The Anonymisation process in MIDAS project

Guest post by Roberto Bilbao from BIOEF

Processing and exploitation of large databases can offer multiple benefits to society as long as the respect for the rights of individuals, their privacy and the protection of their personal data are covered. In this context, the anonymisation of personal data takes on a special value as a formula that can ensure the big data research without undermining the respect for data protection.

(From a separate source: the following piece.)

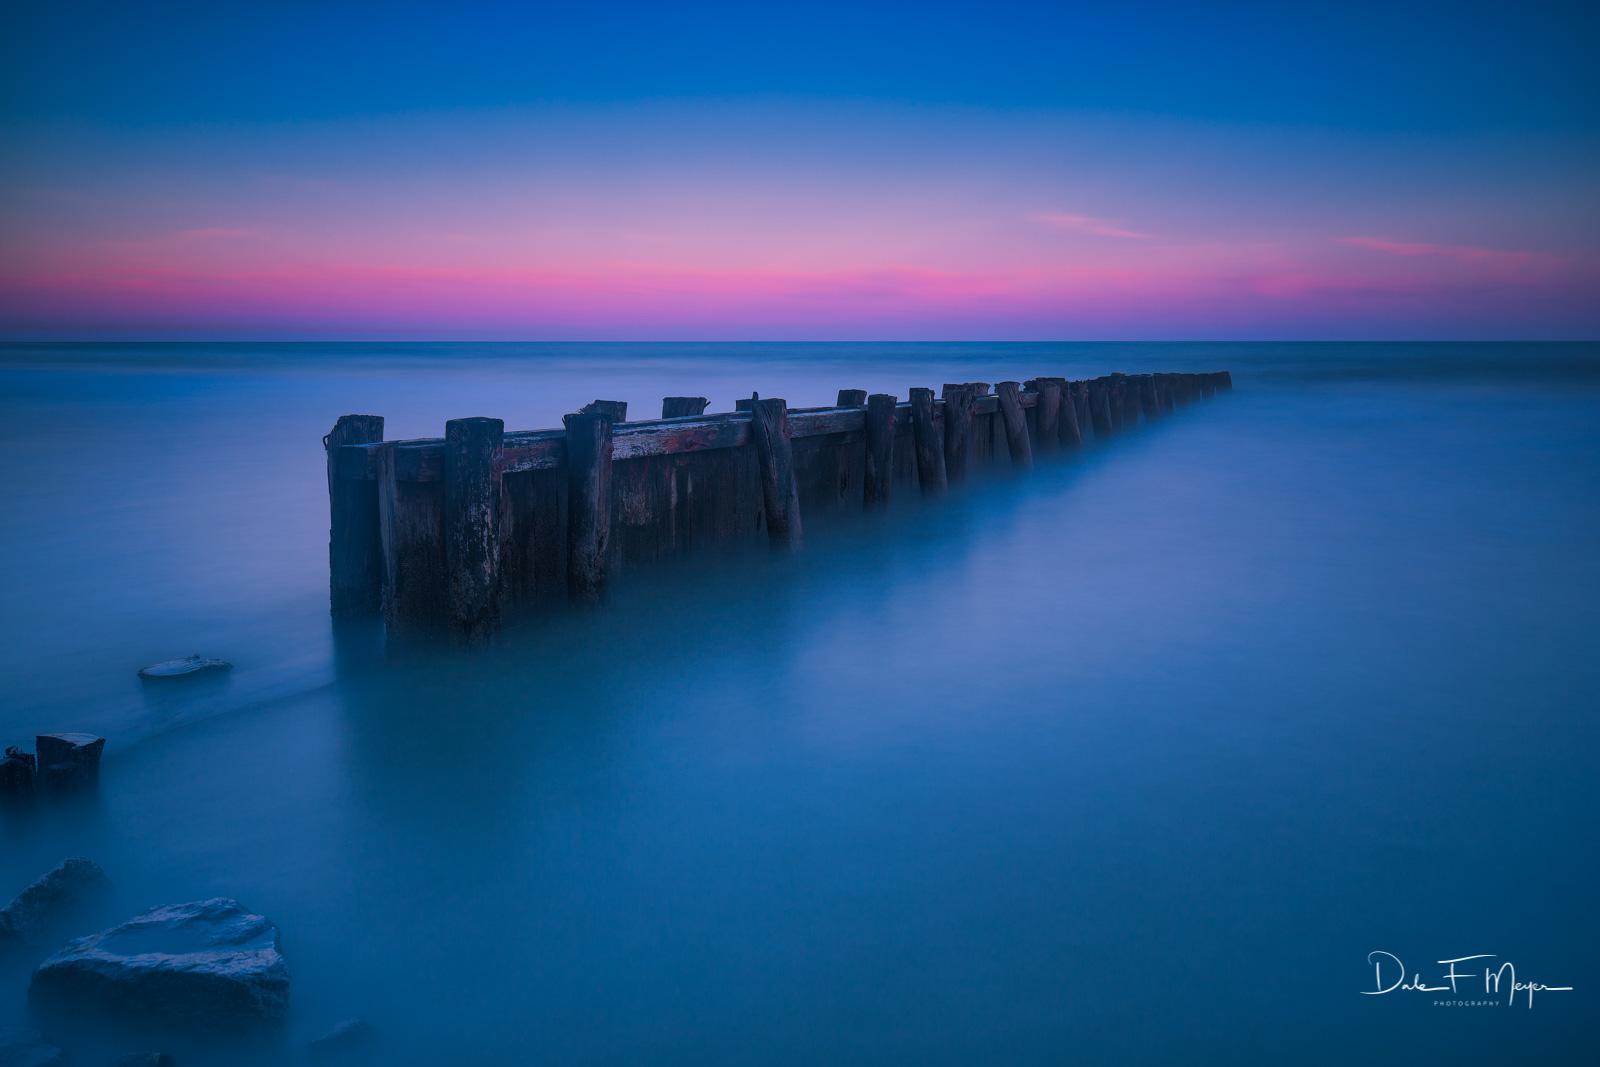 Costal,Pier,long exposure,sunset, photo

The purpose of the anonymisation process is to eliminate or minimize the risks of re-identification of the anonymized data while maintaining the veracity of the results. As a result, anonymized data do fall out of the scope of data protection legislation. Several anonymisation techniques are available, such as noise addition, permutation, differential privacy, aggregation, k-anonymity, l-diverstiy and t-closeness. Each technique has its strengths and weaknesses.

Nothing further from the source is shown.